Possibility deploy a network without laying a cable, which reduces the cost of deploying and expanding the network. Wireless networks serve places where it is impossible to lay a cable

Allows mobile devices to access the network.

Wide distribution in the market. Guarantee of equipment compatibility due to mandatory certification of equipment of this brand.

Mobility.

In the Wi-Fi zone, several users can access the Internet from portable devices and computers.

Radiation from devices using Wi-Fi at the time of data transfer is 10 times less than the radiation of a cell phone.

3.2.3 Disadvantages

In the range of 2.4 GHz, there are many devices that support other types of wireless networks that degrade electromagnetic compatibility.

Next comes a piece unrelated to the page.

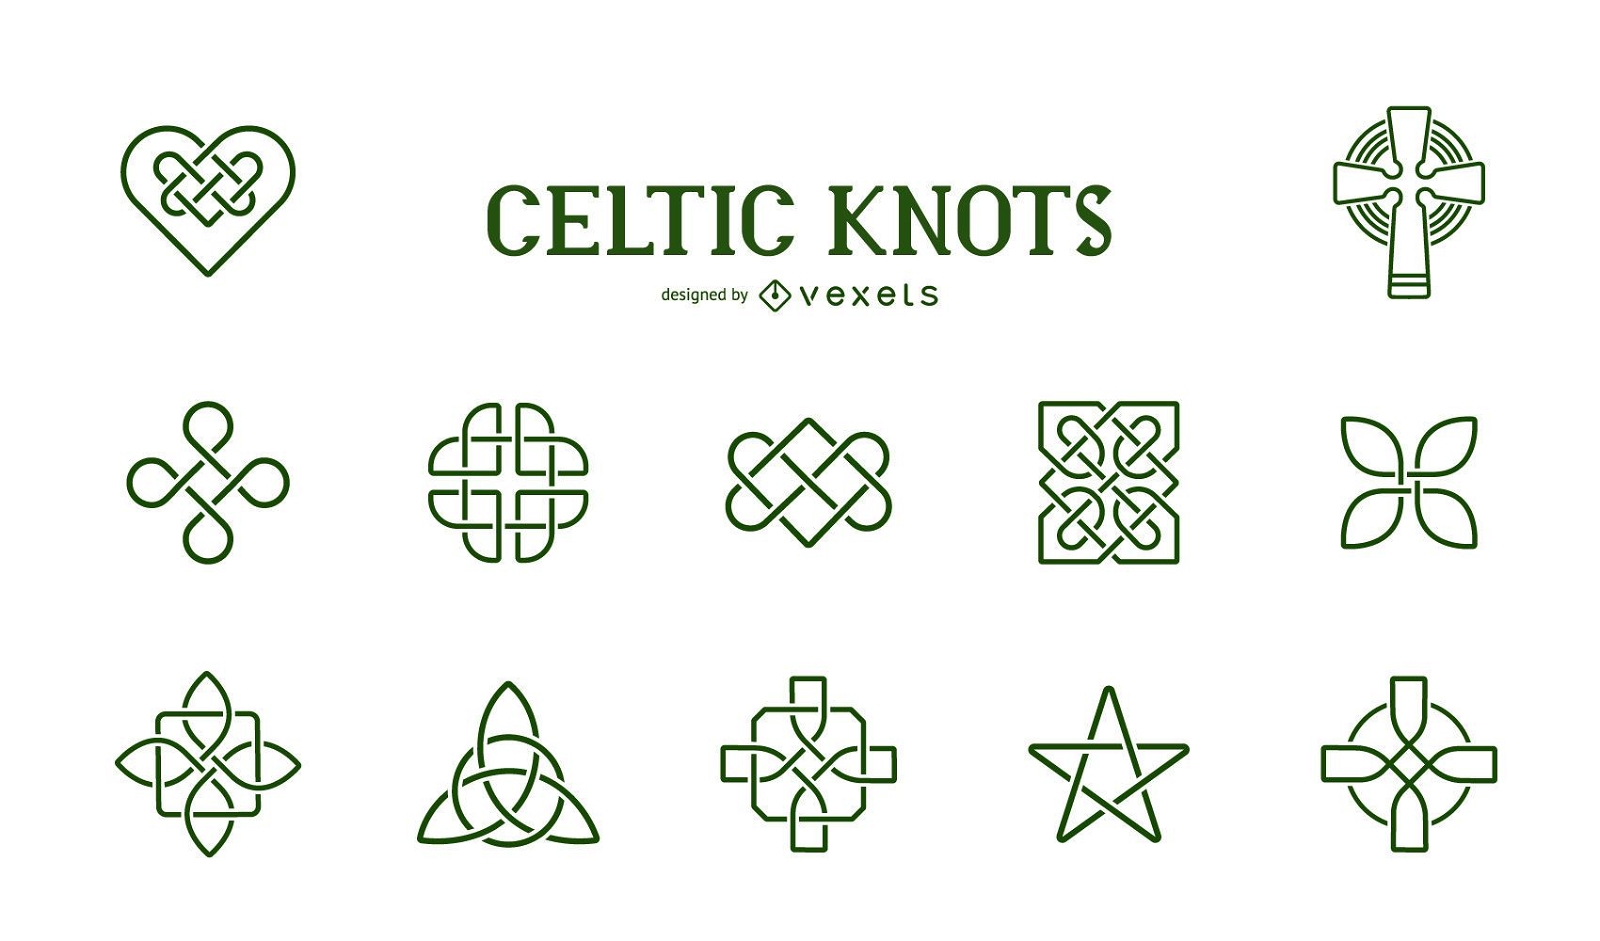 Colección de símbolos de nudos celtas

The WEP encryption standard can be broken relatively easily even with the right configuration (due to the weak strength of the algorithm). There is WPA(2) encryption, but in point-to-point mode, the standard only requires 11 Mbps (802.11b) to be implemented. WPA(2) encryption is not available, only easily crackable WEP.

3.3 WiMAX

A telecommunications technology based on the IEEE 802.16 standard, also known as Wireless MAN.

3.3.1 Operating principle

WiMAX networks consist of several parts - base and subscriber stations, as well as equipment that connects base stations.

Base and subscriber stations communicate using radio waves in the range of 1.5-11 GHz. Data exchange can occur at a speed of 70 Mbps.

Base stations are connected by line-of-sight connections at a frequency of 10-66 GHz, and the data exchange rate reaches 120 Mbps.

3.3.2 Benefits

WiMAX technologies will help organize wireless access throughout the territory settlements contributing to problem solving last mile", as well as reducing financial costs for new connections. If now the connection of one object can take up to several months, then with WiMAX-based solutions this process will be reduced to several hours or days. Savings on the organization, laying and operation of structured cable networks (SCS) , as well as the speed of installation and connection of equipment will significantly reduce investments in telecom infrastructure.WiMAX technologies provide not only voice transmission, but also any data, including video conferencing, Internet access, corporate networks and databases. WiMAX is a fairly low security of information transmitted over radio channels.Now this issue is being addressed by the manufacturers of the relevant equipment.Nevertheless, WiMAX technology can be widely used in the organization of corporate data transmission networks.

3.3.3 Disadvantages

Weather conditions and other wireless systems can interfere with the normal functioning of radio access, completely different frequency bands can be used for operation, the data transfer rate drops rapidly with increasing distance between the base station and client equipment, the equipment is demanding on power supply and consumes quite a lot of power.

3.4GPRS

3.4.1 How it works

Using GPRS information is collected in packets and transmitted through voice channels that are not currently in use. The transmission priority (voice traffic or data transmission) is chosen by the telecom operator.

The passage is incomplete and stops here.